• Problem details
Pictures excluded, retype the lines from the one containing "2VH048-064-F0W6K Prada Nylon" through the last line of the data below, both included.
BEGIN Given data
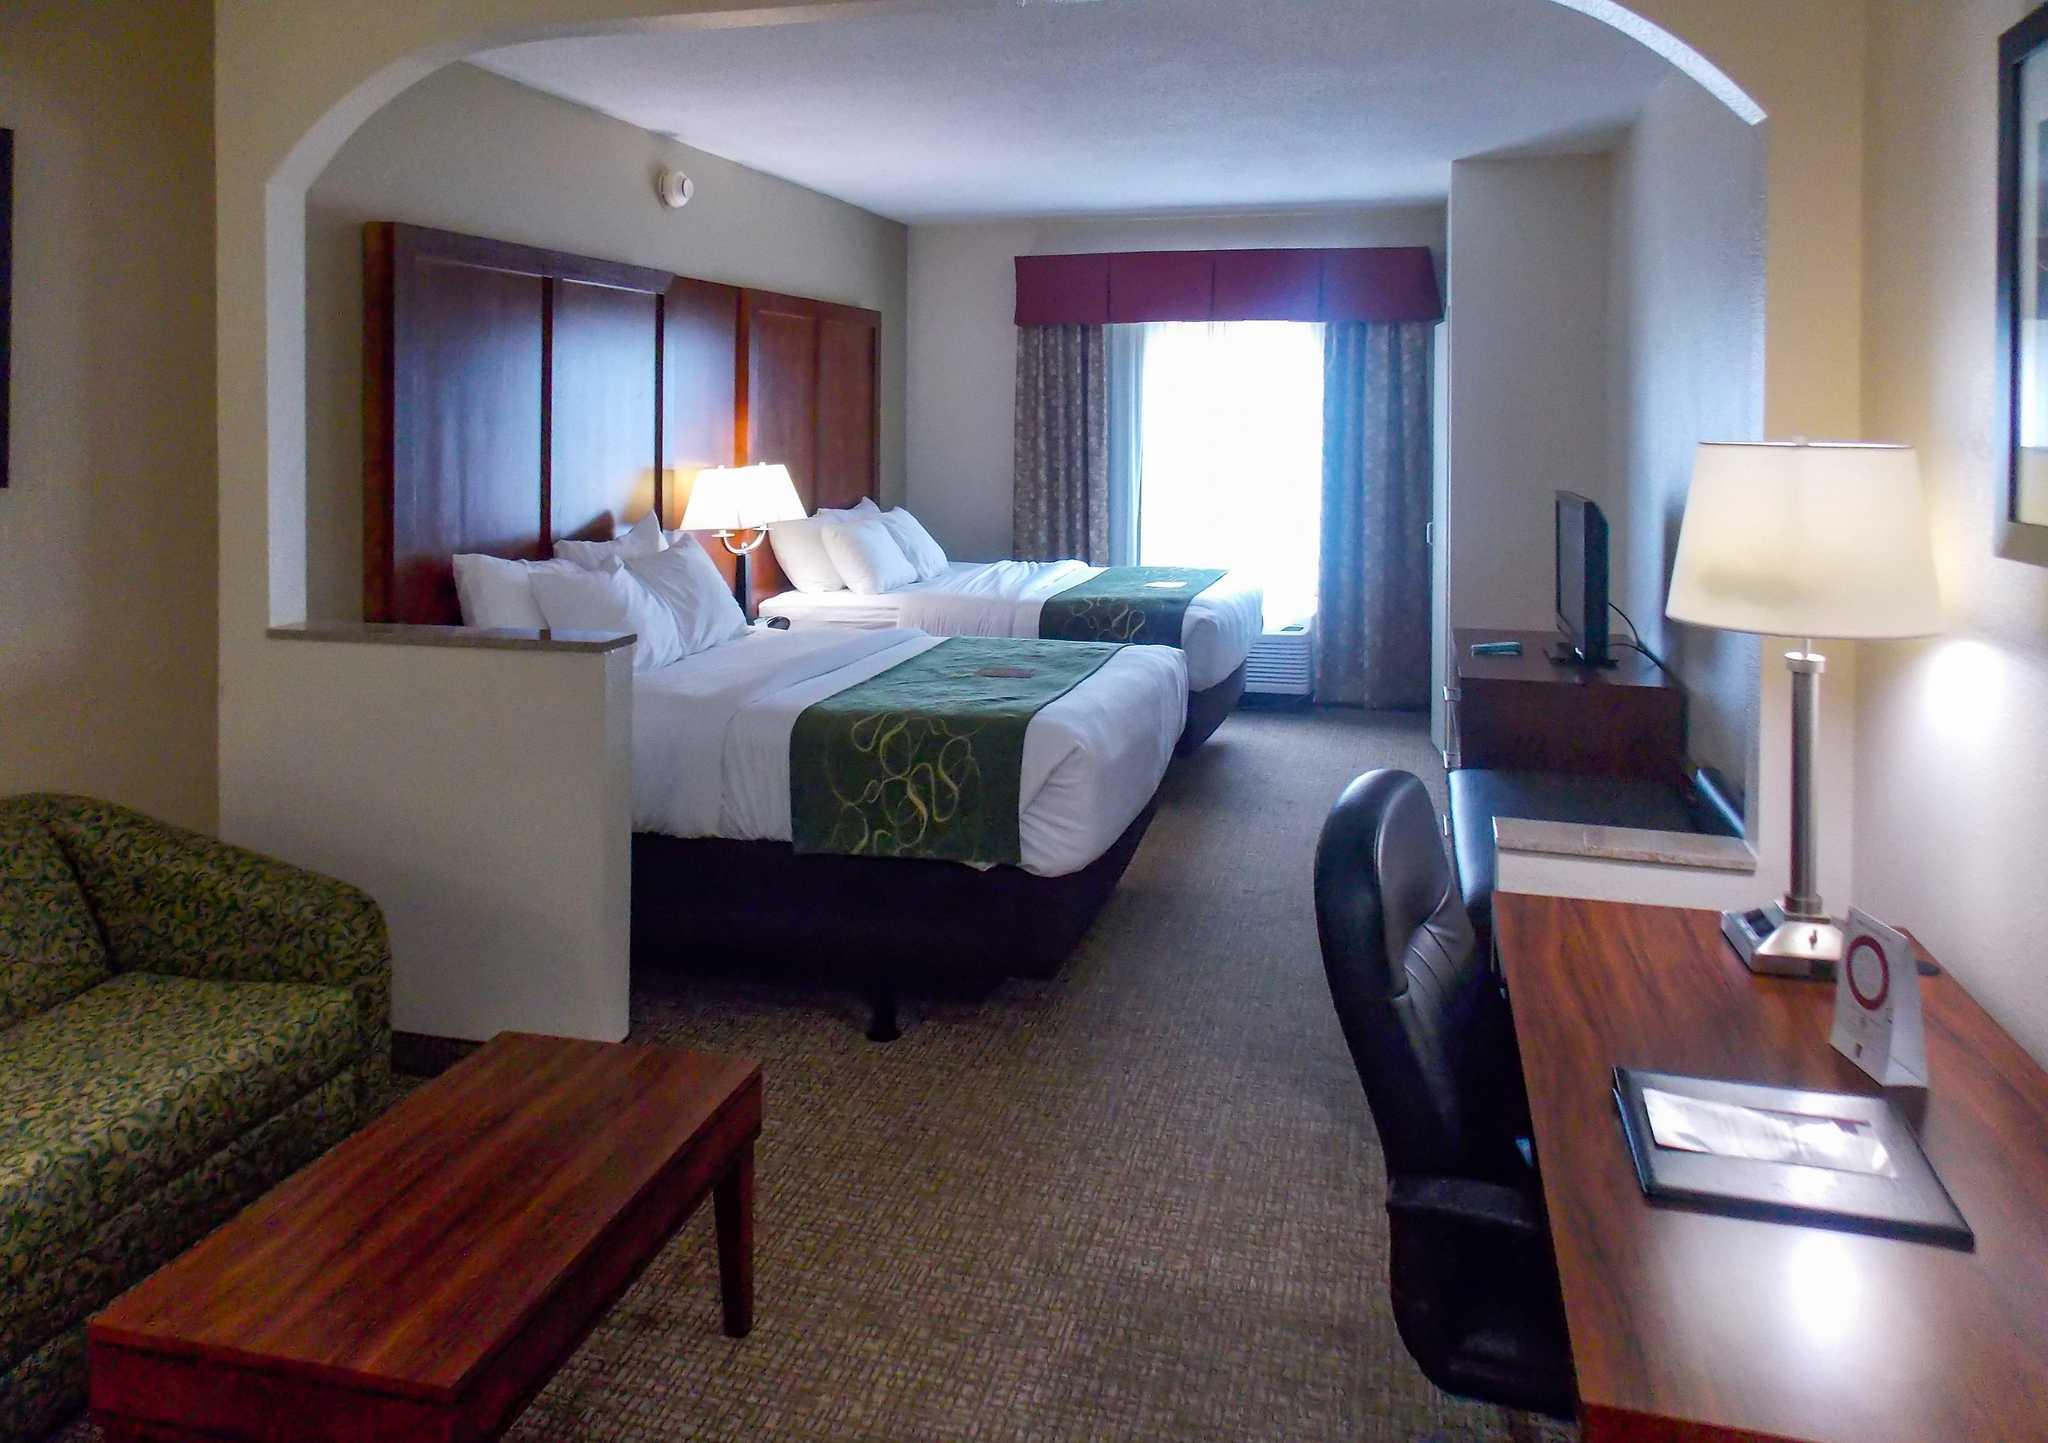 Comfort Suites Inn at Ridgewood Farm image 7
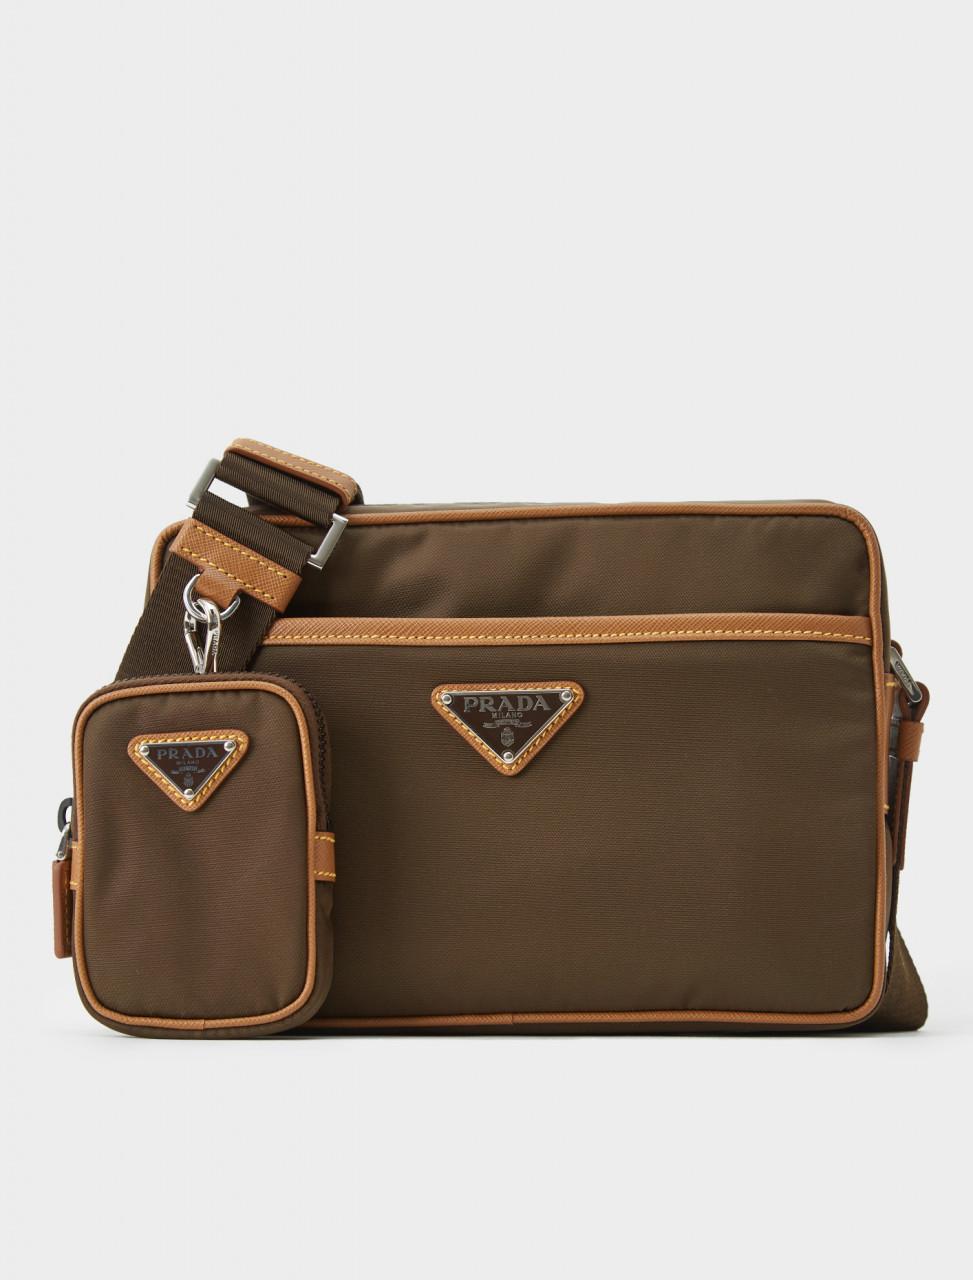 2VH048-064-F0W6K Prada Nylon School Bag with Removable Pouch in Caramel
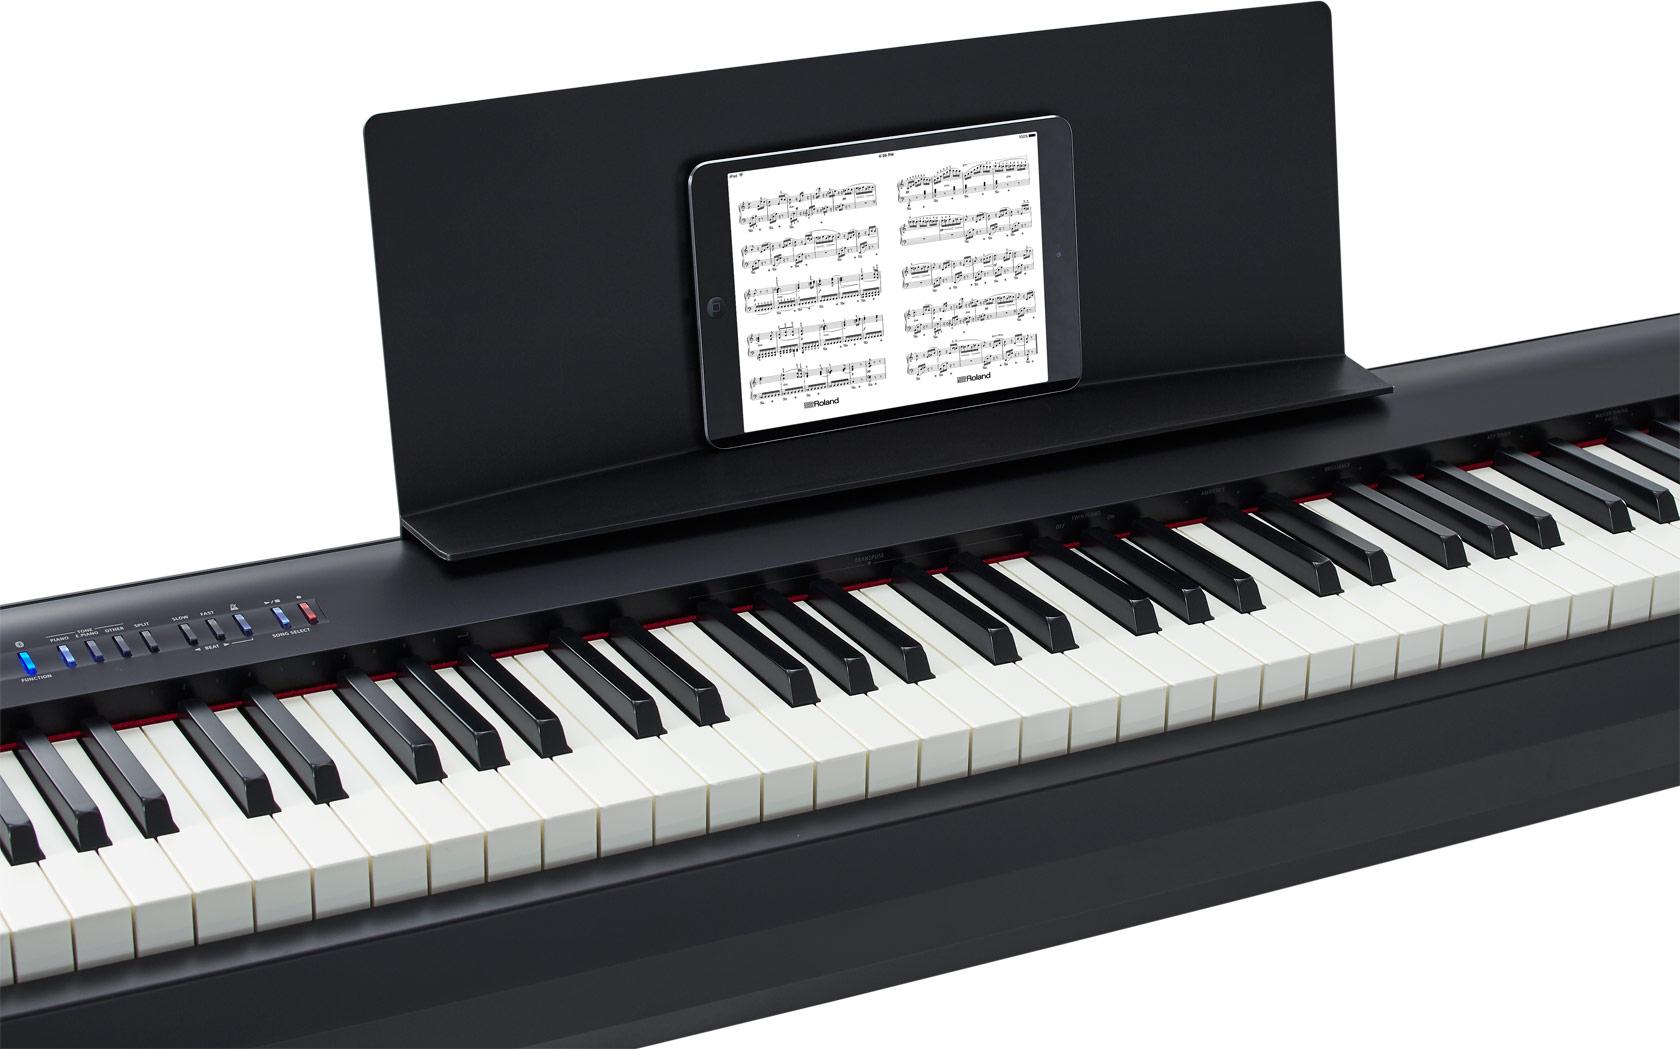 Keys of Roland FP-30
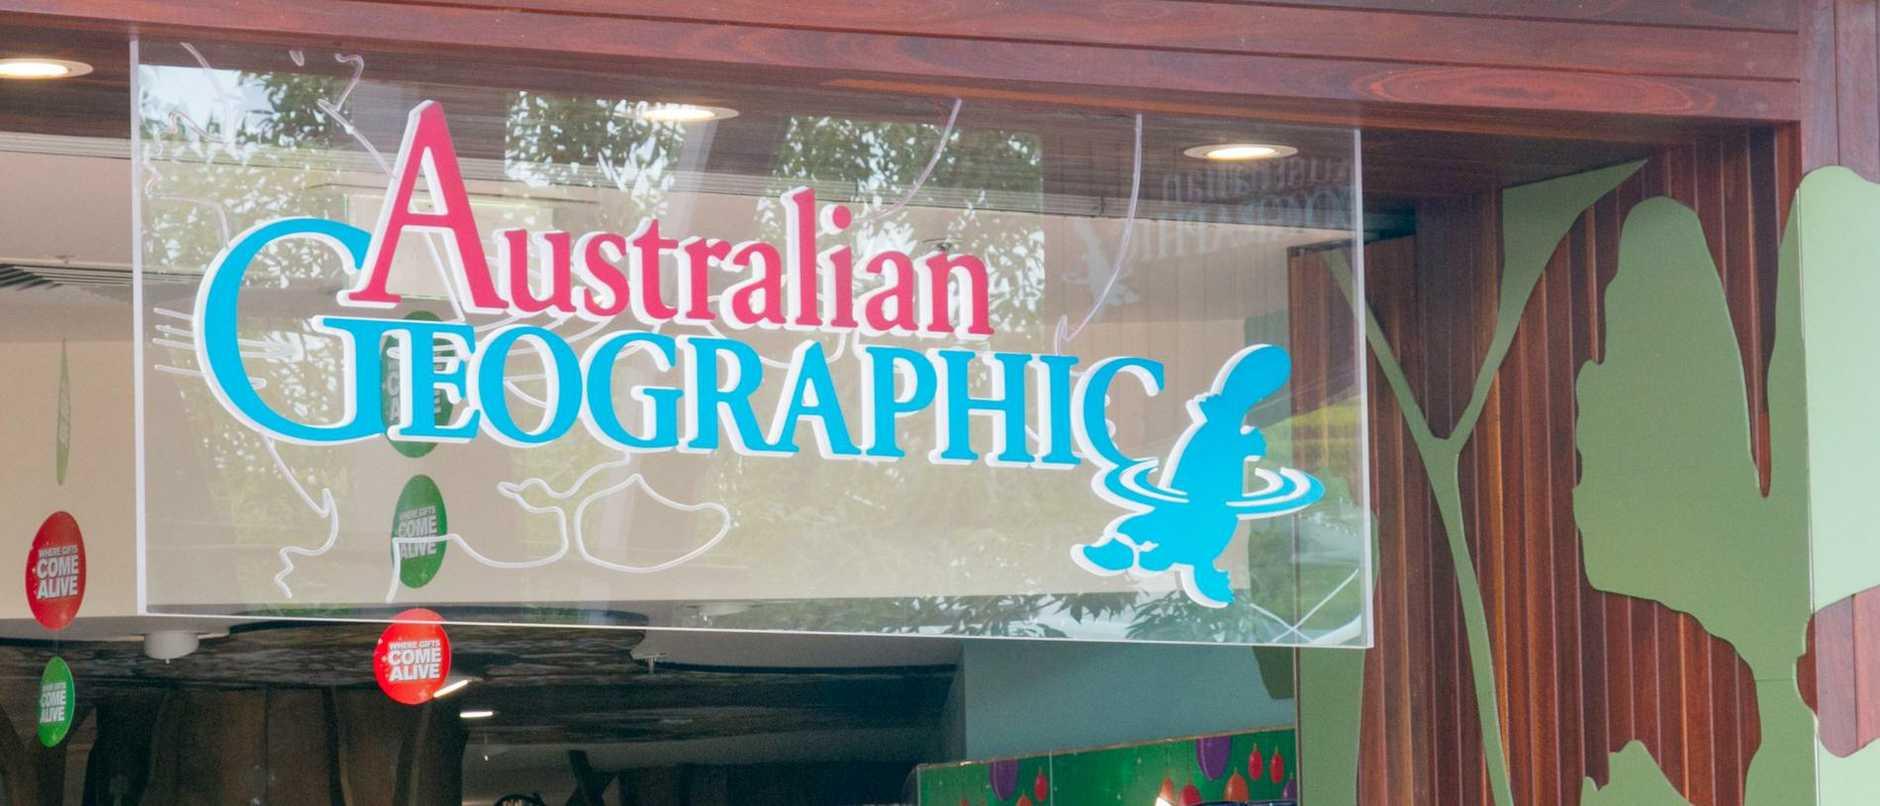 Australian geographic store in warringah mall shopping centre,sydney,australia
END Given data
• Solution for this problem
 2VH048-064-F0W6K Prada Nylon School Bag with Removable Pouch in Caramel
 Keys of Roland FP-30
 Australian geographic store in warringah mall shopping centre,sydney,australia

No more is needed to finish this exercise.